Une marche blanche entre douleur et incompréhension
Ce dimanche, entre 150 et 200 personnes, vêtues de blanc avec un cœur rouge, ont défilé à Maureillas, dans le hameau de Las Illas, près de Perpignan. Le cortège s'est élancé derrière deux banderoles : « Las Illas village en deuil » et « La vérité pour Jean-Marc ».

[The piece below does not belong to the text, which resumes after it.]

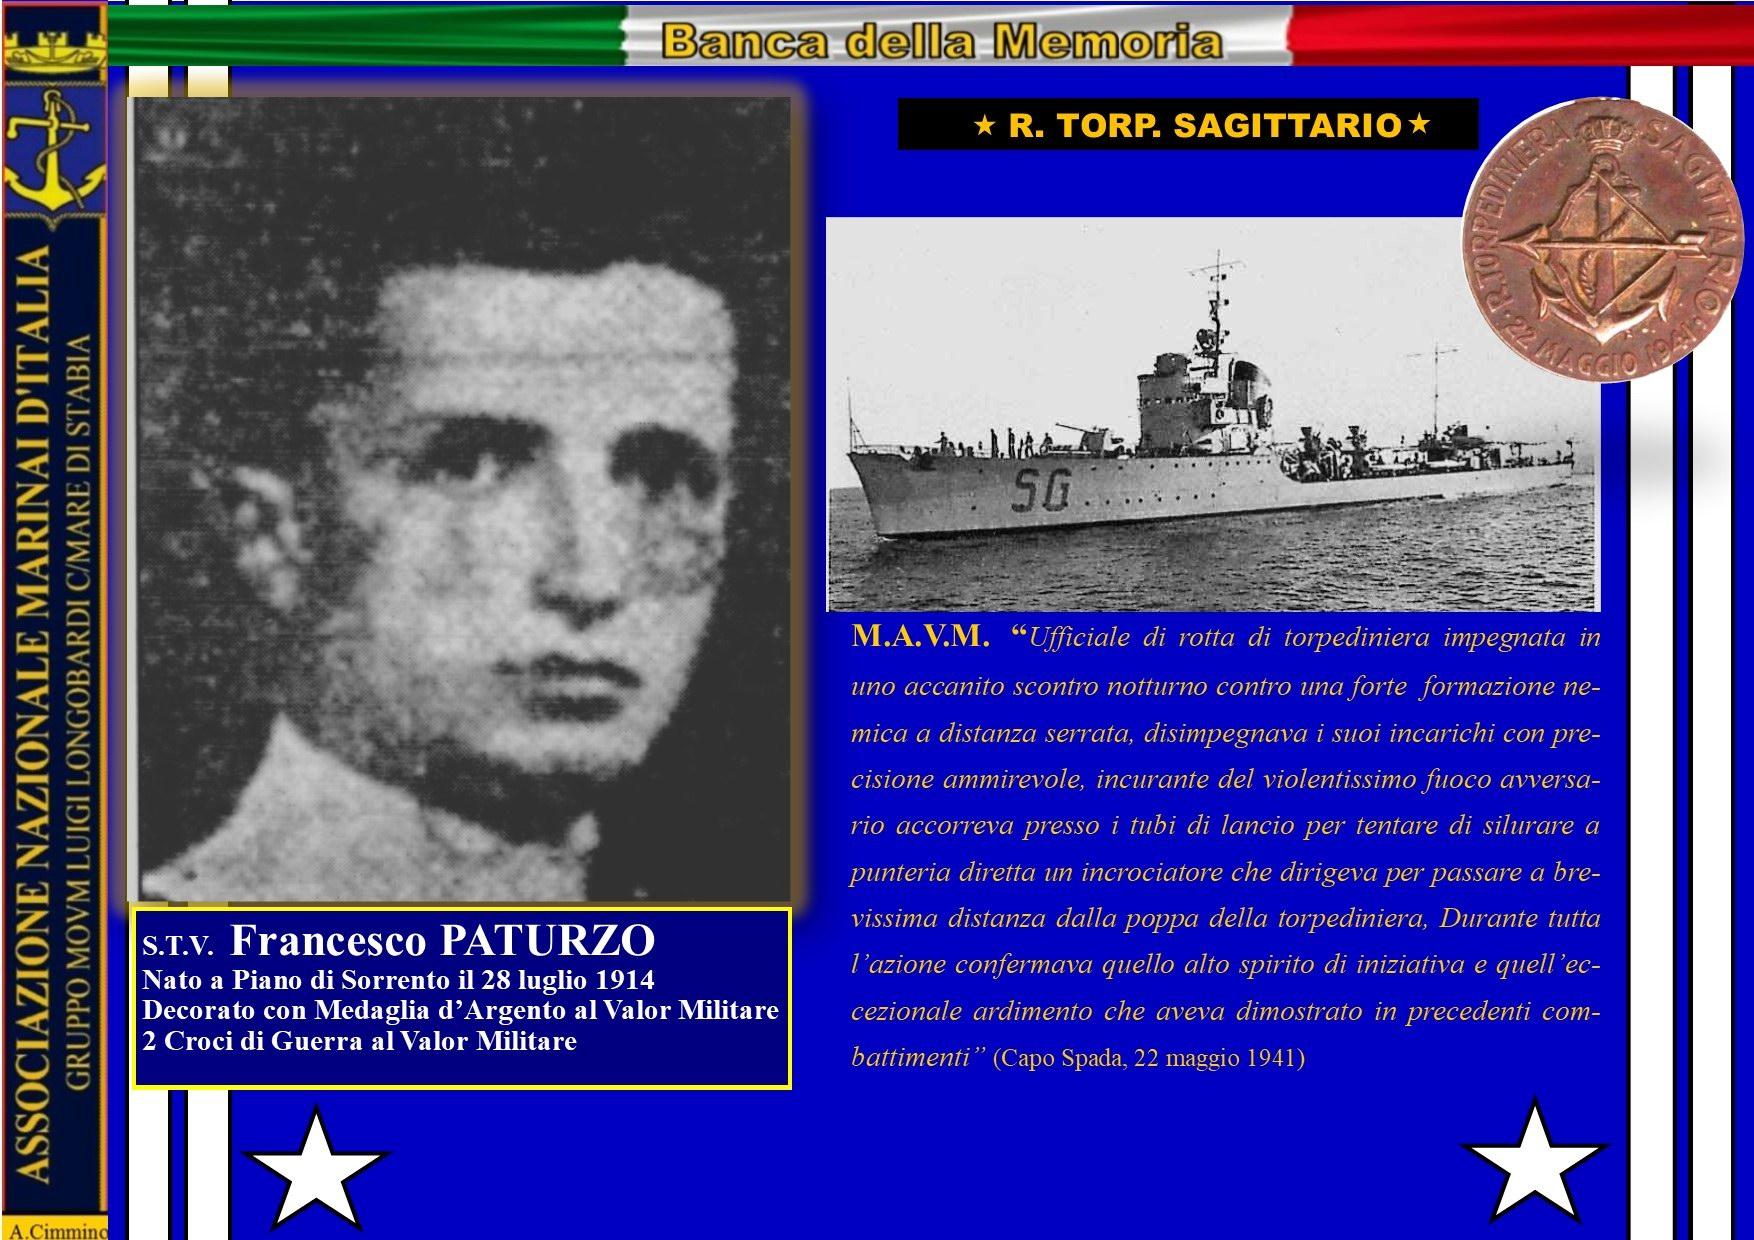 Paturzo Francesco
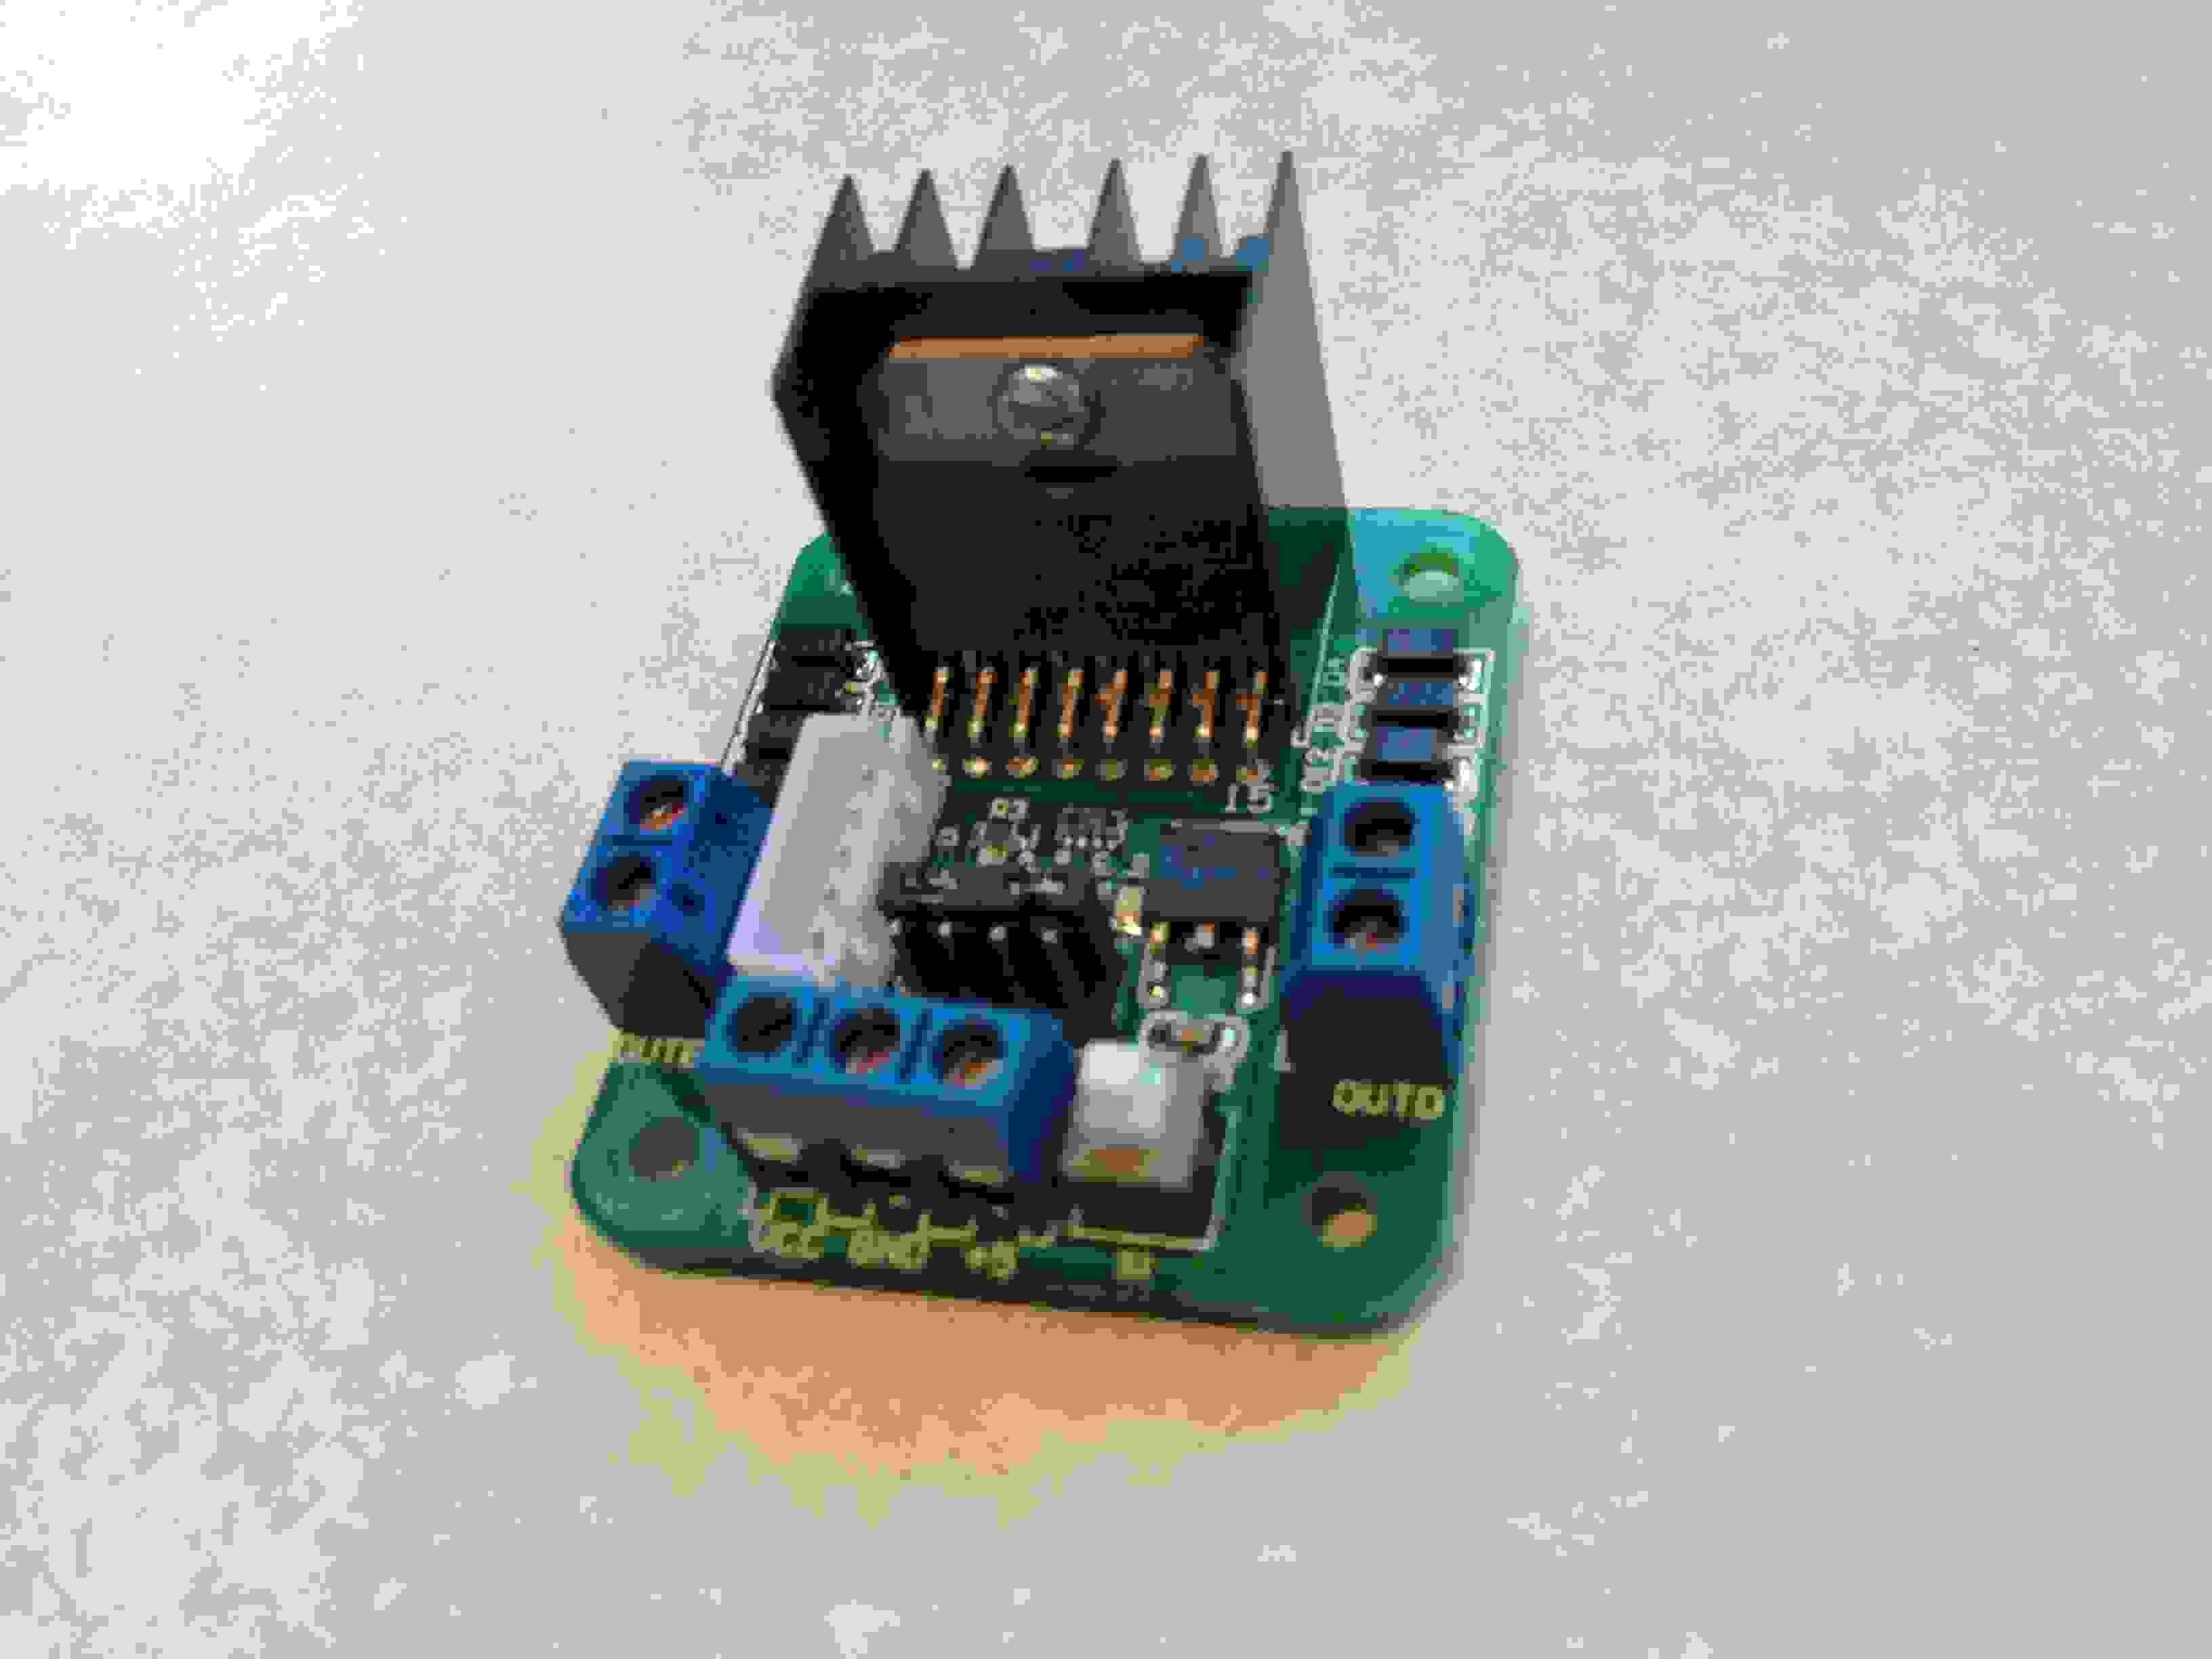 L298n Stepper Motor Controller Steppermotorcontroller

Jean-Marc Sibille, écrivain de 65 ans, a été abattu à son domicile le 29 avril par le GIGN après une altercation de voisinage. Selon les informations, l'homme aurait tiré en l'air avant de rentrer chez lui. Alerté par la femme du voisin, le GIGN a qualifié Jean-Marc de « forcené armé et enfermé chez lui avec sa femme et ses enfants », avant de l'abattre. Un portrait contesté par ses proches.
Deux enquêtes ouvertes
La veuve de Jean-Marc conteste formellement le récit d'un homme retranché menaçant sa famille. Ses amis le décrivent comme « sociable, généreux » et « tout sauf agressif ». Au-delà de la tristesse, l'incompréhension domine. Une marche similaire a eu lieu simultanément à Madagascar, où réside une partie de sa famille, pour réclamer justice.
Le parquet de Perpignan a ouvert deux enquêtes : l'une sur les violences initiales de la victime, l'autre sur le tir mortel du militaire.